Recorded information
- Opening Delimiter -

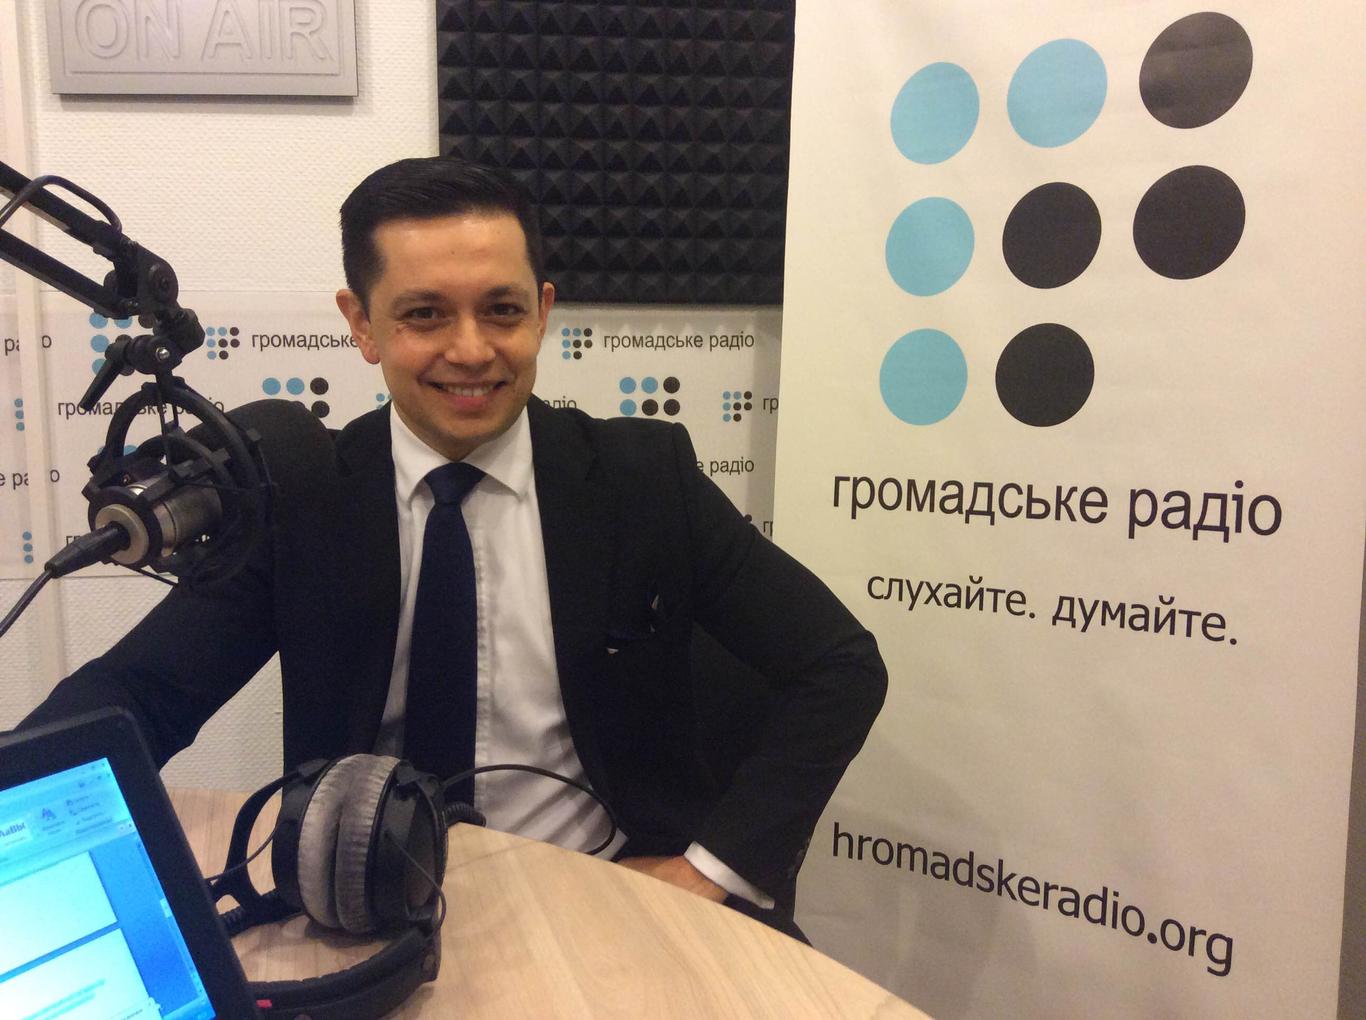 «Chiriklo» — единственное в Украине ромское СМИ, — директор радио
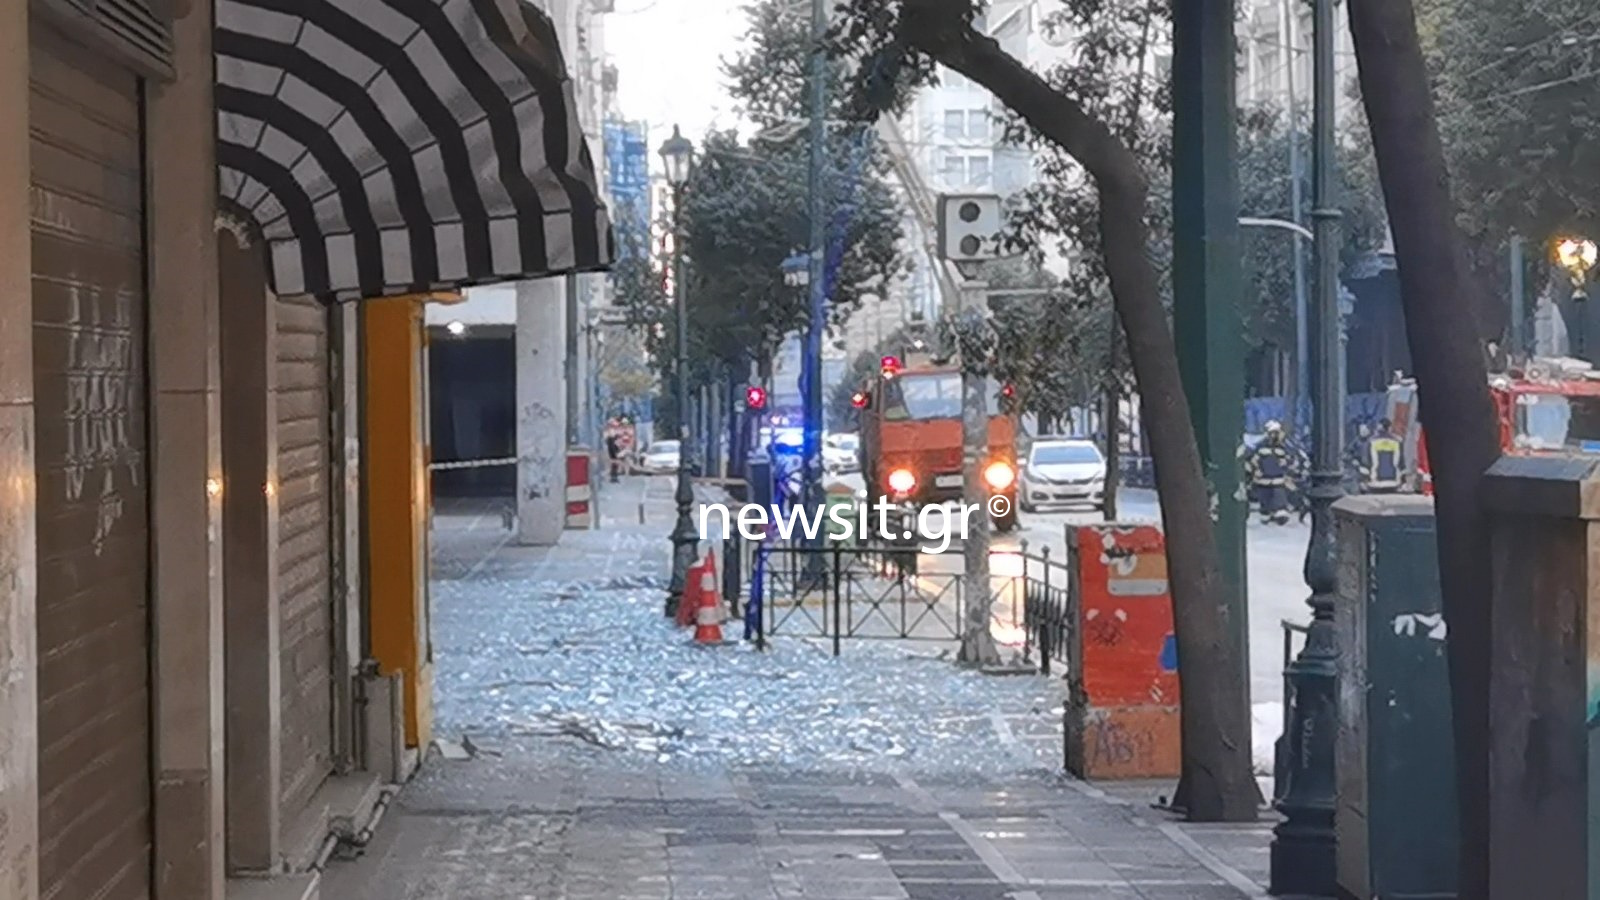 Έκρηξη βόμβας στο υπουργείο Εργασίας: Κλειστή παραμένει η Σταδίου – Συναγερμός στην Αντιτρομοκρατική
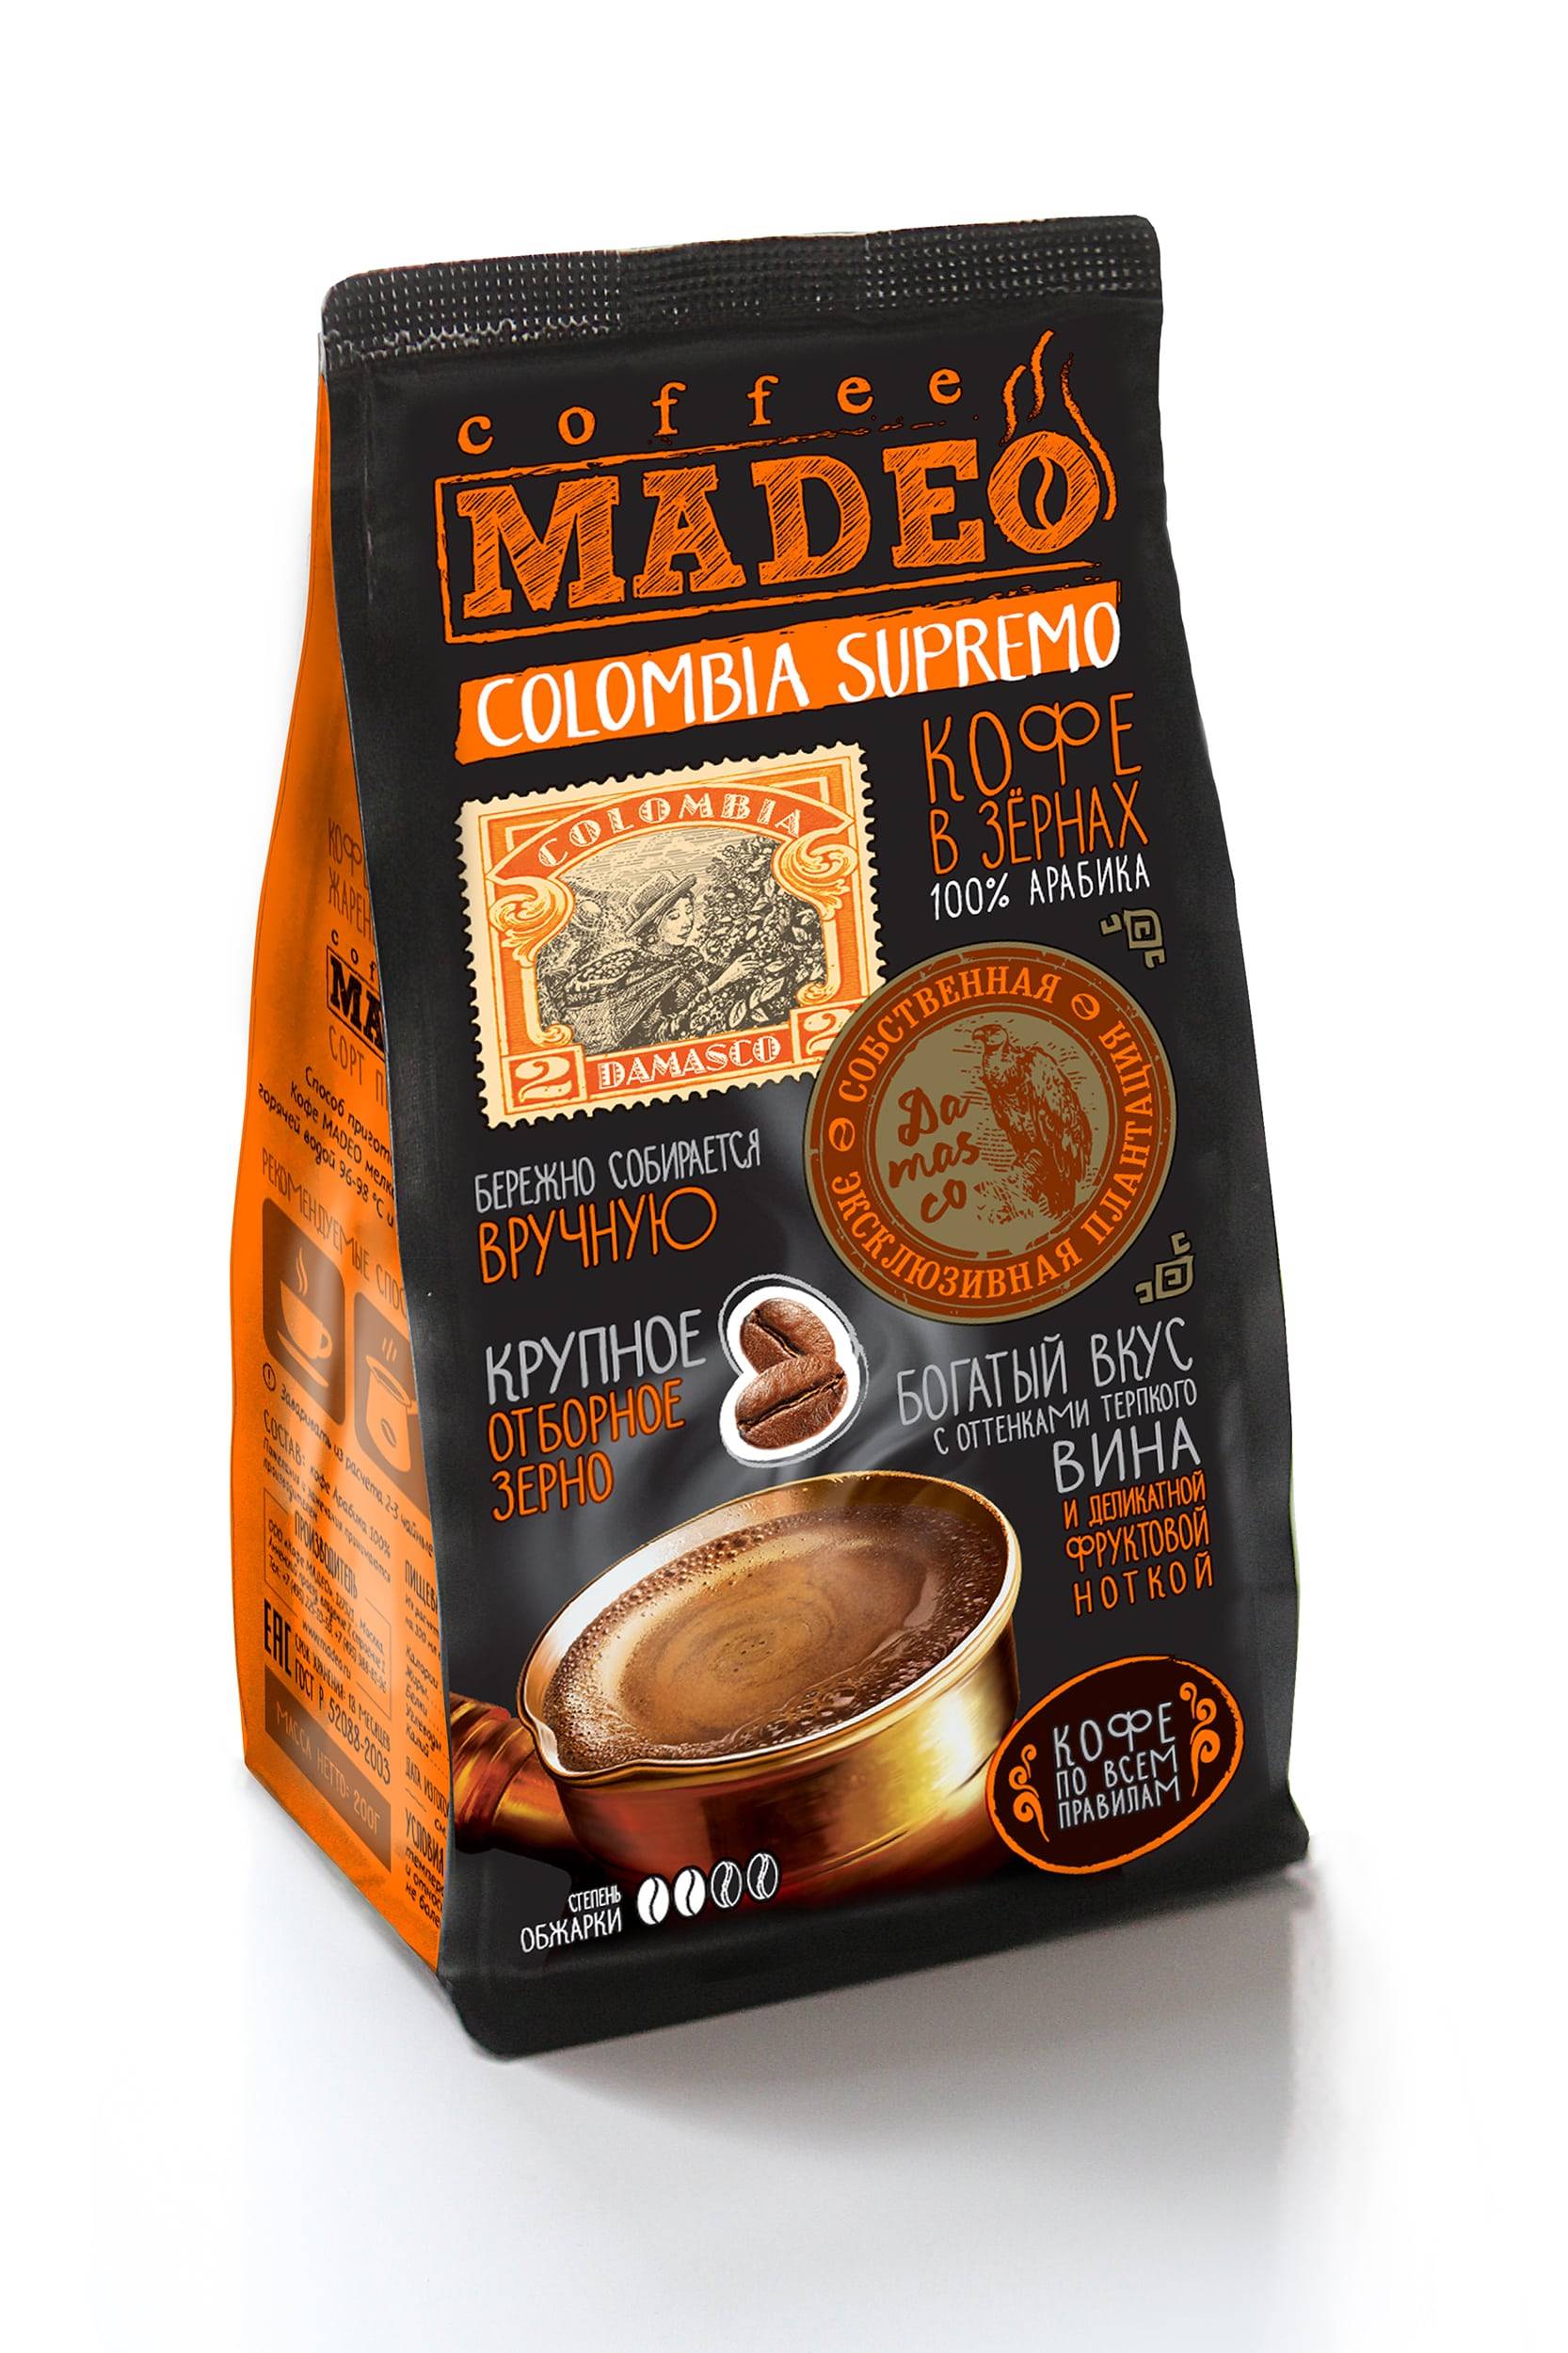 Кофе мадео (madeo) - бренд, ассортимент, отзывы и цены

- Closing Delimiter -

Goal of the exercise
Would you mind transcribing the material exactly, without the pictures?

Answer to the exercise
 «Chiriklo» — единственное в Украине ромское СМИ, — директор радио
 Έκρηξη βόμβας στο υπουργείο Εργασίας: Κλειστή παραμένει η Σταδίου – Συναγερμός στην Αντιτρομοκρατική
 Кофе мадео (madeo) - бренд, ассортимент, отзывы и цены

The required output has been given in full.